Contrary to shopping by themselves, many of the millennials as well as the older generations are prone to buying through social recommendations. About 84% of the online purchasers consult social media sites for recommendations before they make a purchase online [1]. Also customers like us count reviews as a mandatory aspect of product decision, if you’re wondering how many of us – then it’s 55% of us actually look for reviews [2].

Why then do online stores do such a poor job of recommending products? The challenge of today’s retailers, as we’ve come to believe are, they are trying to make sense of an entire personality of a customer, their likes, dislikes, potential wants from the contextual transactions relevant to them. The challenge with personalization also lays in the fact that there’s no single repository of all customer information. Retailers identify customers, contextually to their business and have only a slice of the personal self. This contextual slicing of personal data is what causes all the chaos and disharmony.

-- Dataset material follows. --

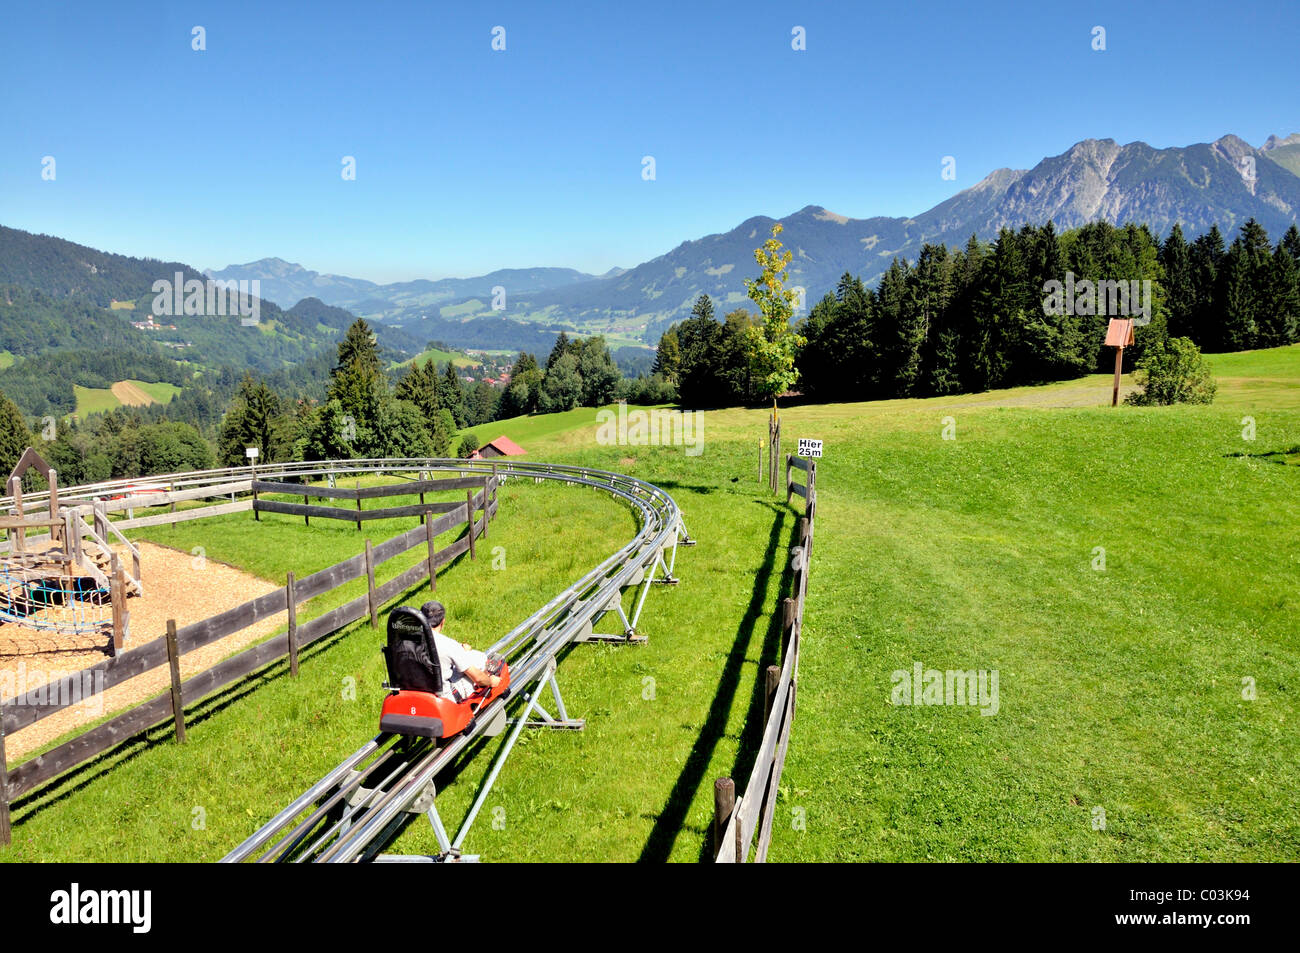 SoellereckRodel, an alpine roller coaster, Soellereck Bahn railway,  Oberstdorf, Allgaeu, Bavaria, Germany, Europe Stock Photo - Alamy

While the digital mediums for customers keep expanding, the information and access to those contextually rich data sources are under the walled garden of these platforms and are accessible through digital advertising. So acquiring multiple data sources, understanding the customer in a much more fuller manner is key to recommending the right products to them. With multiplicity of devices, platforms and IOT we believe building a recommendations platform is a much bigger challenge than suggesting products online. It’s actually the problem of personalizing life, in general, and providing a personable and personal information through all walks of customer life.

We believe the problem still remains unsolved and it’s our goal to solve this problem.